Table 4 Biochemical characteristics of electroactives

Furthermore, P. putida and A. aegrifaciens were H2S positive and demonstrated that they could minimize their sulfur compound to sulfides, whereas the others were H2S negative. In addition, six strains were nitrate positive indicated that these strains could remove nitrogen compounds from wastewater and the others could not reduce NO3. A. aegrifaciens was urease positive that could degrade the urea and cleaned up waste products into the ammonia. This strain could, therefore, also be used for wastewater treatment with high ammonia content. Additionally, only B. wiedmannii and B. safensis was able to use the extracellular development of gelatinase enzymes in polypeptides and amino acids. Based on the lipid hydrolysis, two strains had shown positive lipase enzyme, which could be used in bioremediation as an indication of lipolytic activity.

K. polaris, A. faecalis, and B. wiedmannii were positive for starch hydrolysis. Table 4 reveals that four strains had sugar fermentation capacities.

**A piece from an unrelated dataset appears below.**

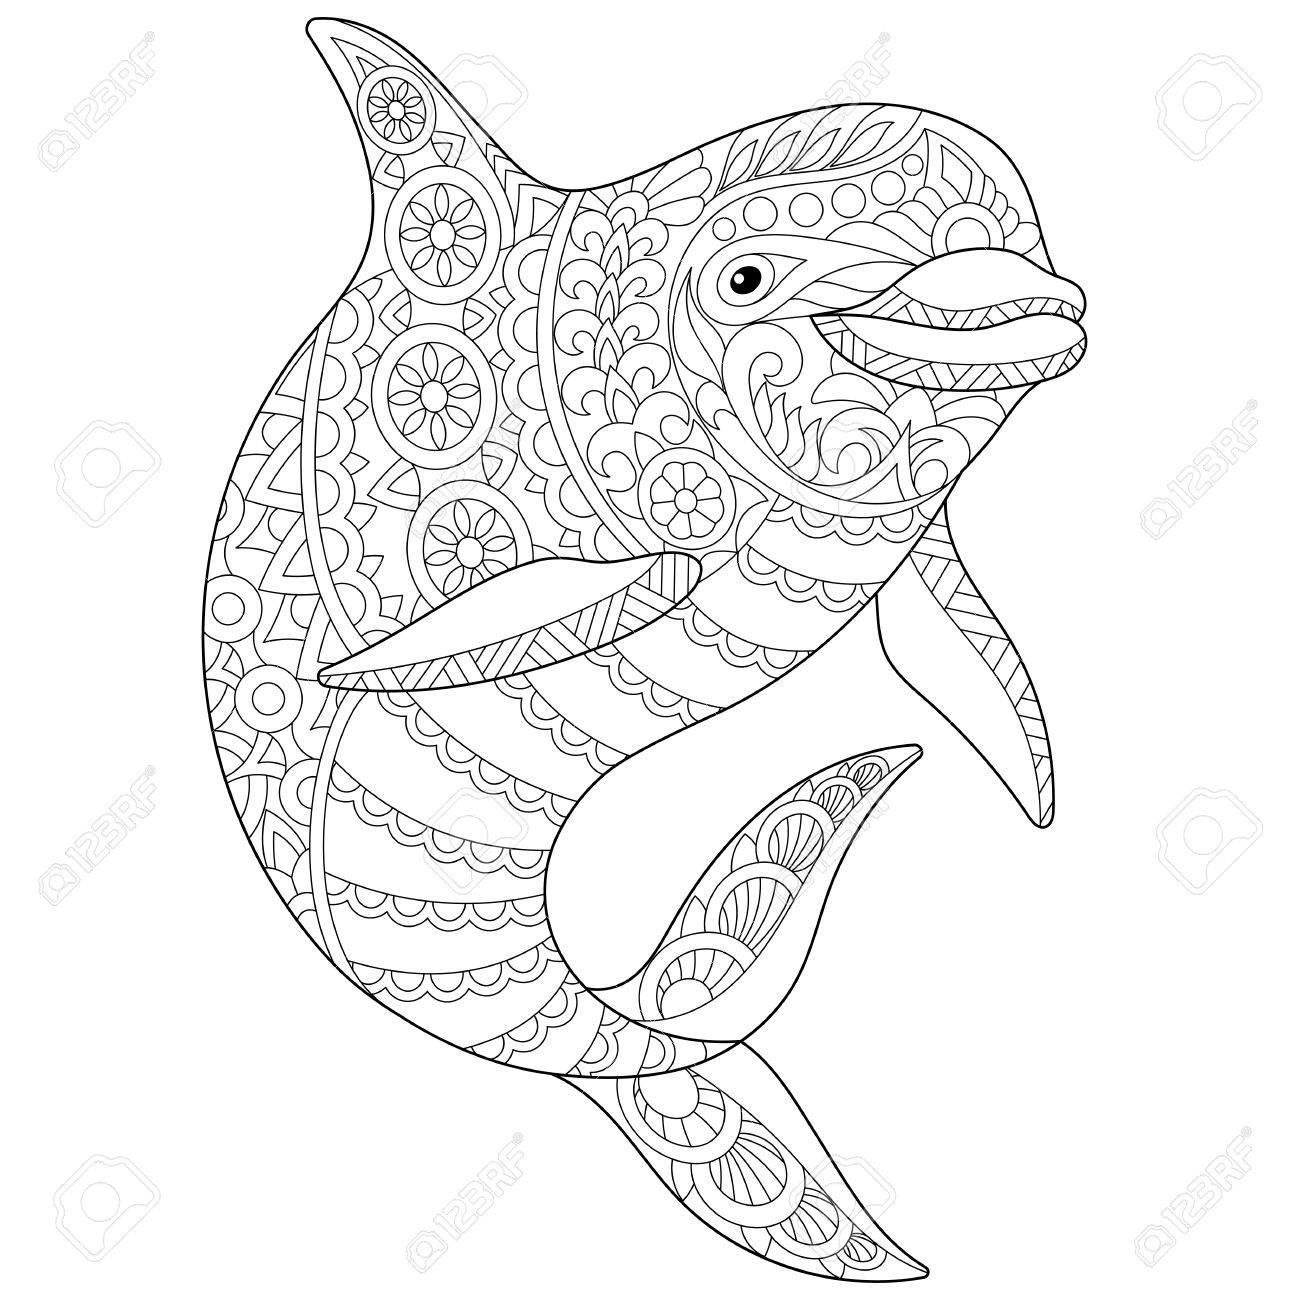 Stilisierte Ozean Delphin Tier Freehand Skizze Für Erwachsene Anti

It implied that these electroactive did not specifically participate in the pathway of electrode reduction and they were rather breaking down complex sources of carbon that supplied simpler substrates with non-fermenting bacteria. Our results were consistent with Vejarano et al. [81] and Kim et al. [82]; they showed that electrochemically active bacteria had been restricted to simple organic acids as electron donors and based on fermentation products.

Conclusion

This study demonstrated that the located biofilm on the surface of the cathode enhanced the current response (2615 mA m−3) of the BSCMFC and power generation (593 mW m−3) with the aid of aerobic exoelectrogens. These exoelectrogens can reduce oxygen without the aid of exogenous mediators. Also, most the electrogenic bacteria were strongly biofilm former in vitro. The 16SrRNA sequencing technology is successfully applied to analyze the microbial community for both bioanode and biocathode. Biofilms can help us unveiling new electrogenic microorganisms and improve our understanding of their role in the functioning of BSCMFC.